Things haven't gone well for Culpepper since that decision. Perhaps trying to prove the Vikings wrong, Pepp pushed his rehab hard and quick and he suffered setback after setback last year that, when Nick Saban bailed on the Dolphins, left the new coaching staff wanting someone else – even if he's 37 years old and new to the offense. But Childress was the guy who drew the line in the sand saying he wouldn't tolerate anyone – even the team's biggest star – being a detriment to what he hoped to accomplish. He saw Culpepper as a bad egg and got rid of him.

In his first full year at the wheel of the Vikings, players like Koren Robinson and Fred Smoot followed Culpepper out of town. Despite not having great depth at any of the three positions in which the players Childress got rid of, he made the decisions for what he believed was the good of the team – setting the example that if you screw up, you're gone.

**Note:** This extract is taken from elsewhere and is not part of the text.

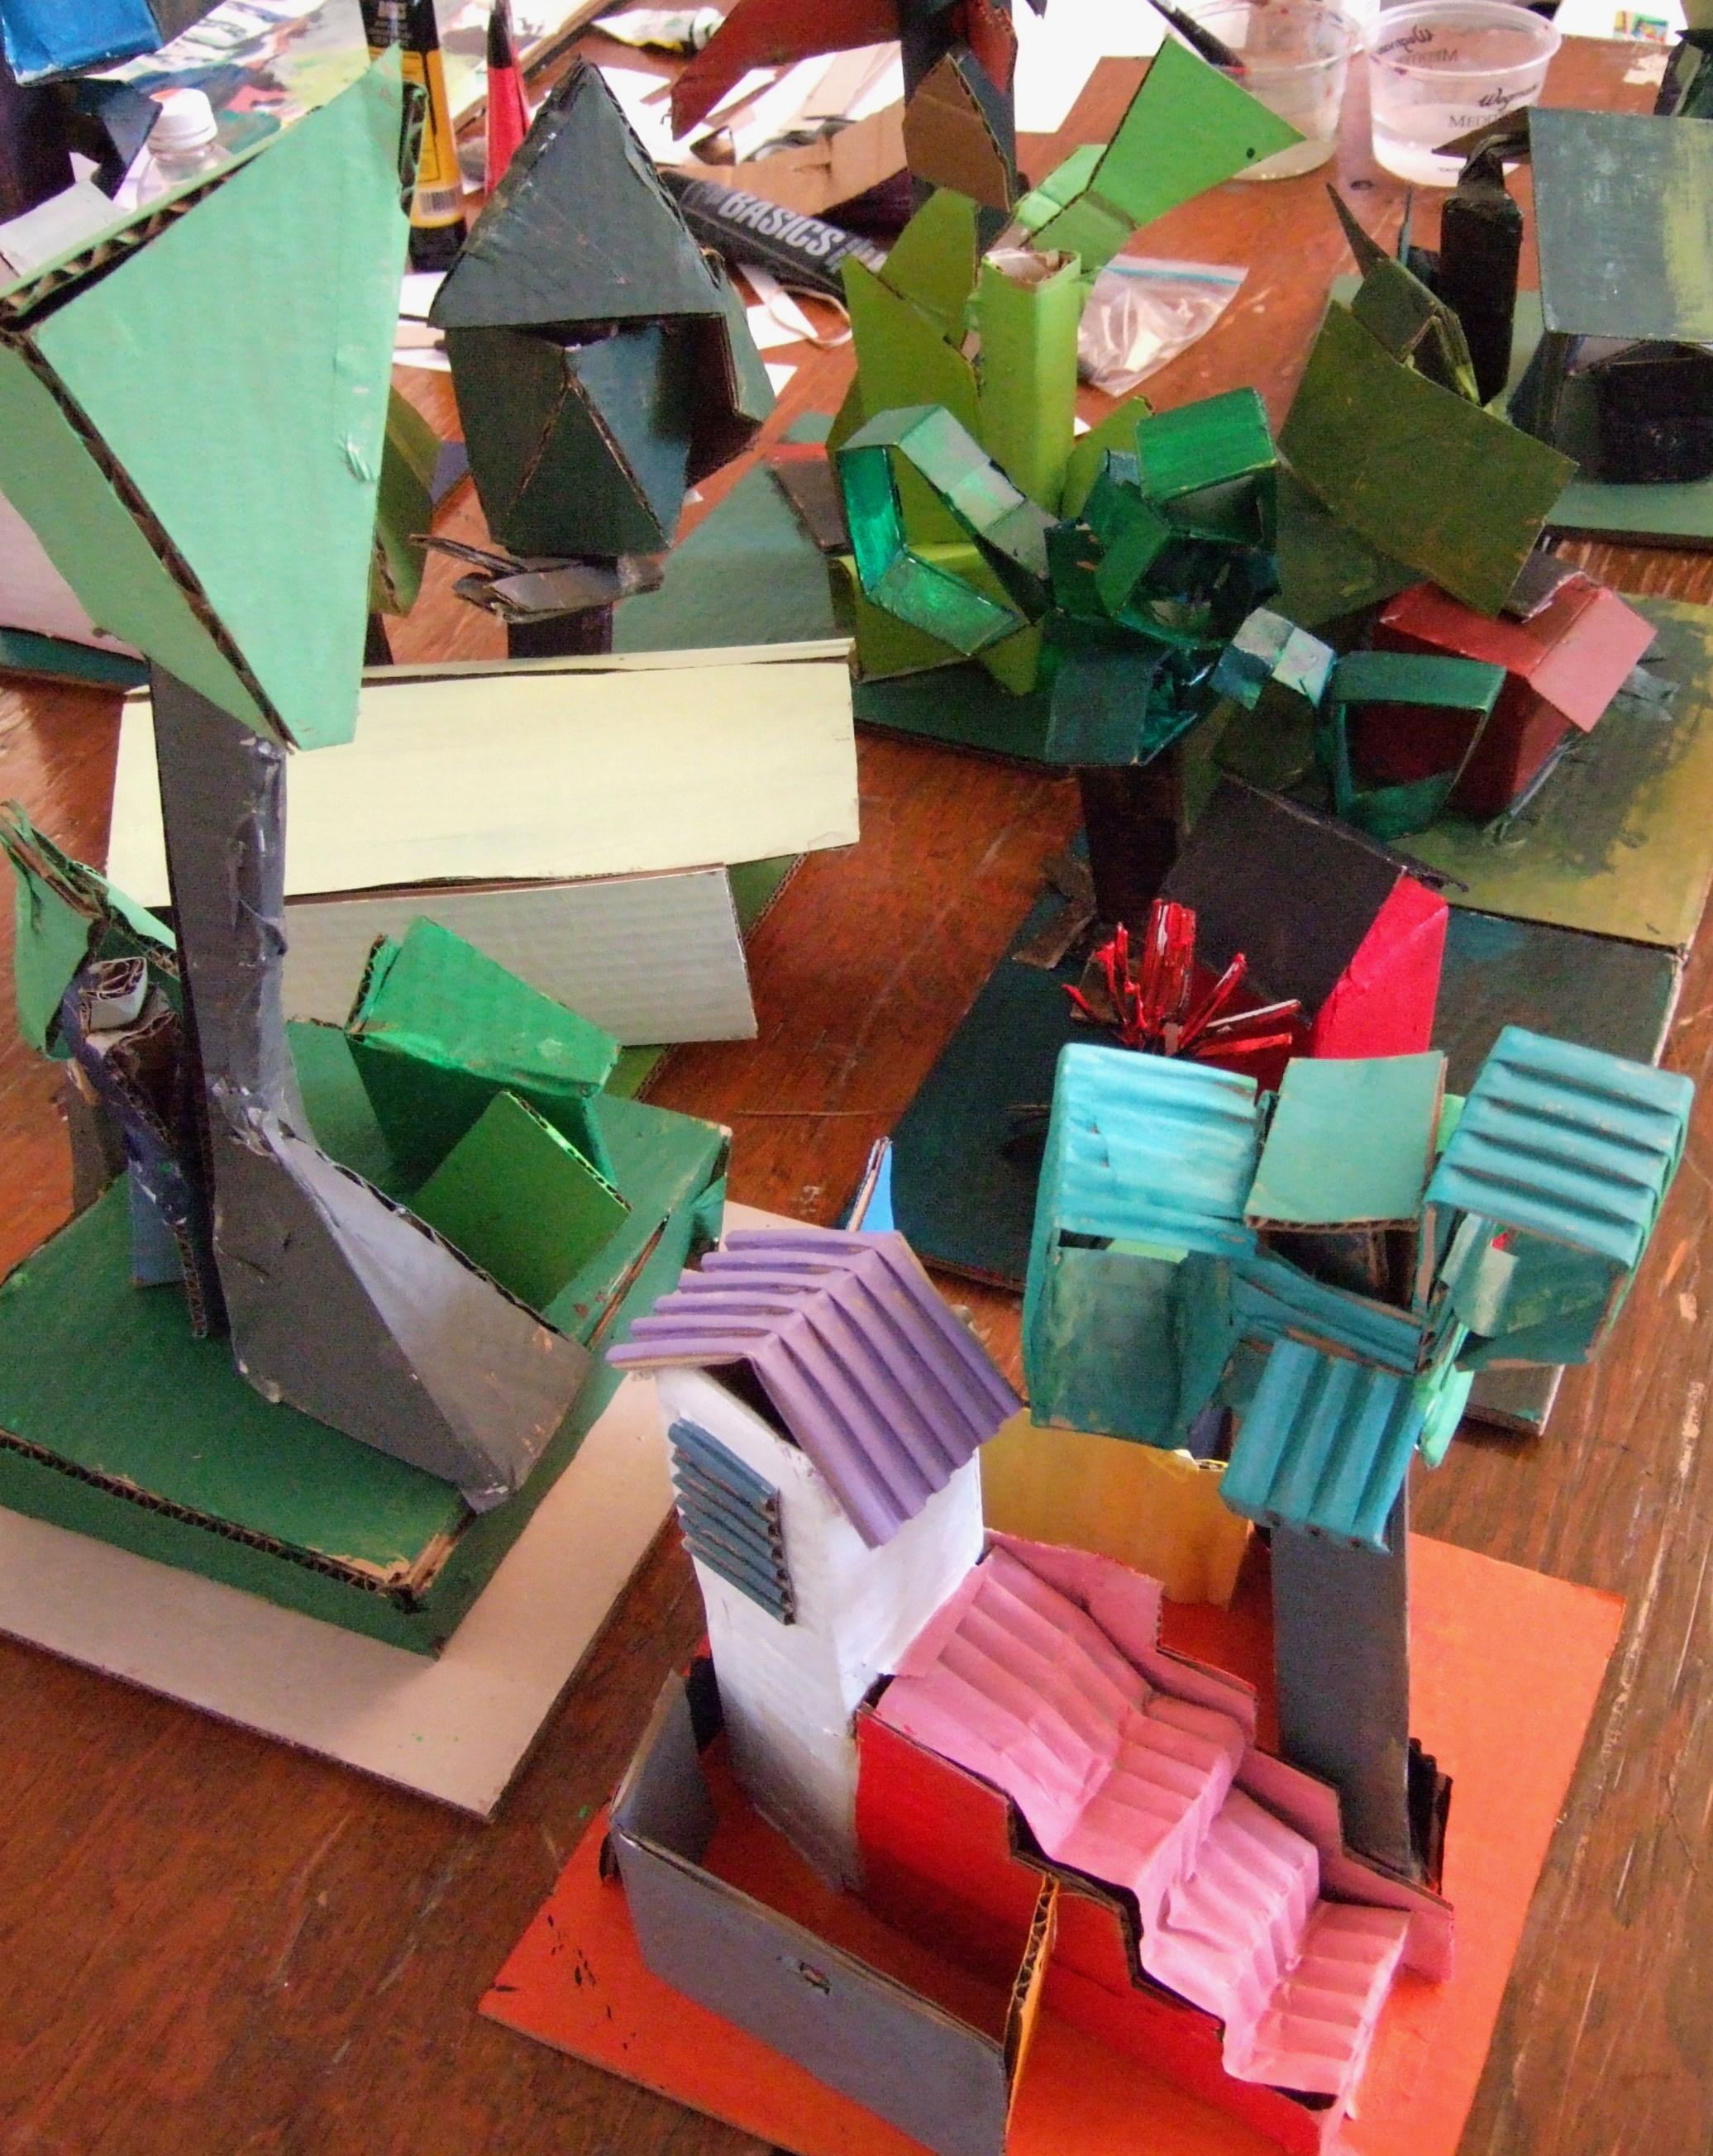 Putting the Cardboard Lancscapes Together

Childress would seemingly find an ally in new Commissioner Roger Goodell. Preaching a no-nonsense approach to the job, Goodell let it be known that there would be ramifications for bad conduct and poor judgment among players. He sent that message loud and clear with a one-year suspension of Pac Man Jones and eight-game suspensions of Chris Henry of the Bengals and Tank Johnson of the Bears. The warning sent to them and everyone else: "Don't be the guy."

The Bears followed suit with the stance Childress and the Vikings took with Robinson a year earlier on Monday, giving Johnson his outright release after he was arrested in the early morning hours of June 22 in Phoenix on suspicion of something called "DEI Impaired to the Slightest Degree." While he was released and not immediately booked or charged, he could still be charged if results come back above the Arizona legal limit for drinking and driving. Johnson, who spent two months in jail for a parole violation stemming from weapons charges, was on a no-tolerance policy with the Bears and, when pushed, the Bears made the same decision Childress did – despite the talent of the player involved, a message needed to be sent.

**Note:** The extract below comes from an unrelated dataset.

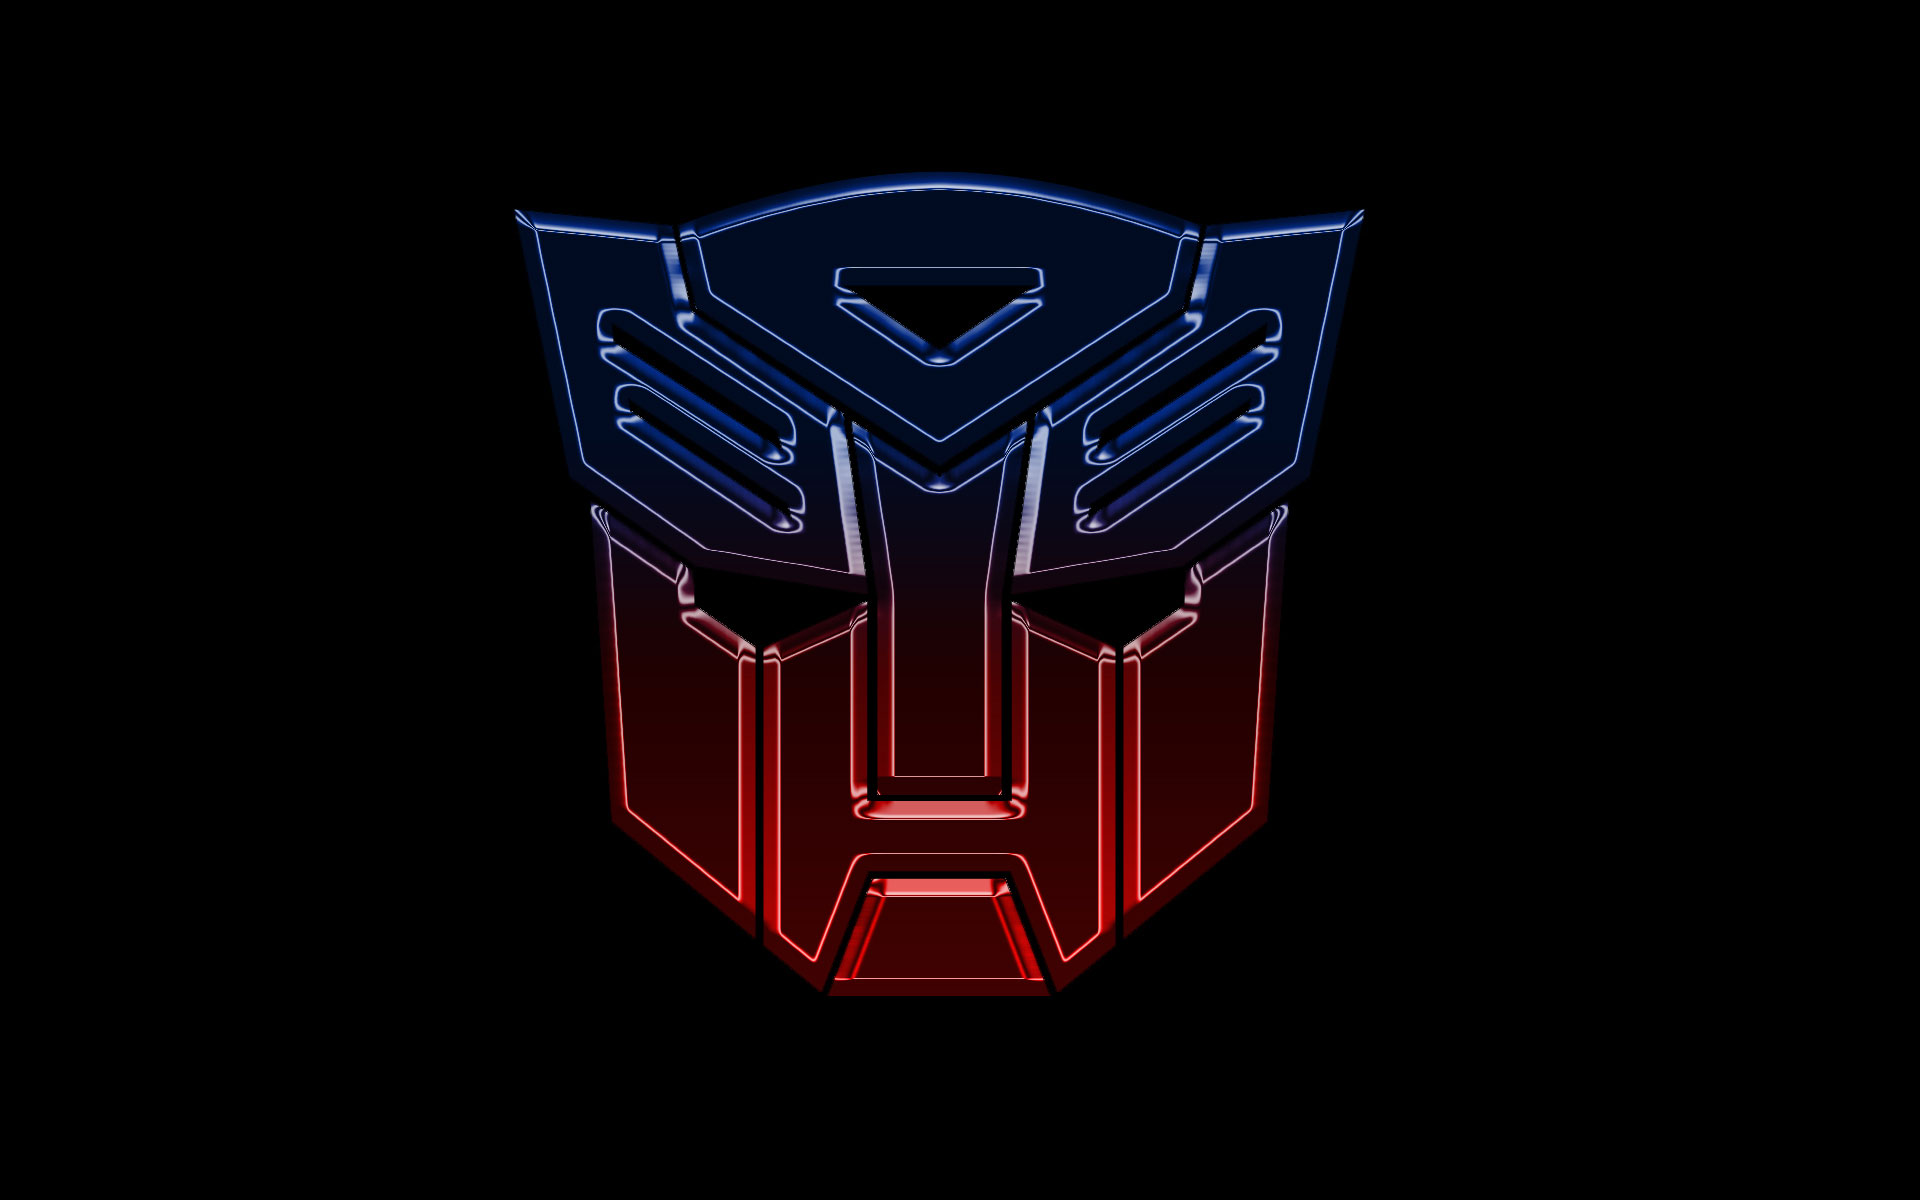 transformers wallpaper widescreen - photo #24

This could become the hallmark of things to come in the NFL for players who run afoul of the law or the coaching staff. Johnson was a key to the Bears' defensive front four, but, in the end, the organization felt it sent a worse message to keep Johnson and admit his talent outweighed his transgressions than to just cut him and let him go.

The future is now in the NFL and it doesn't look good for those who violate the law – Goodell's or an individual state, county or city.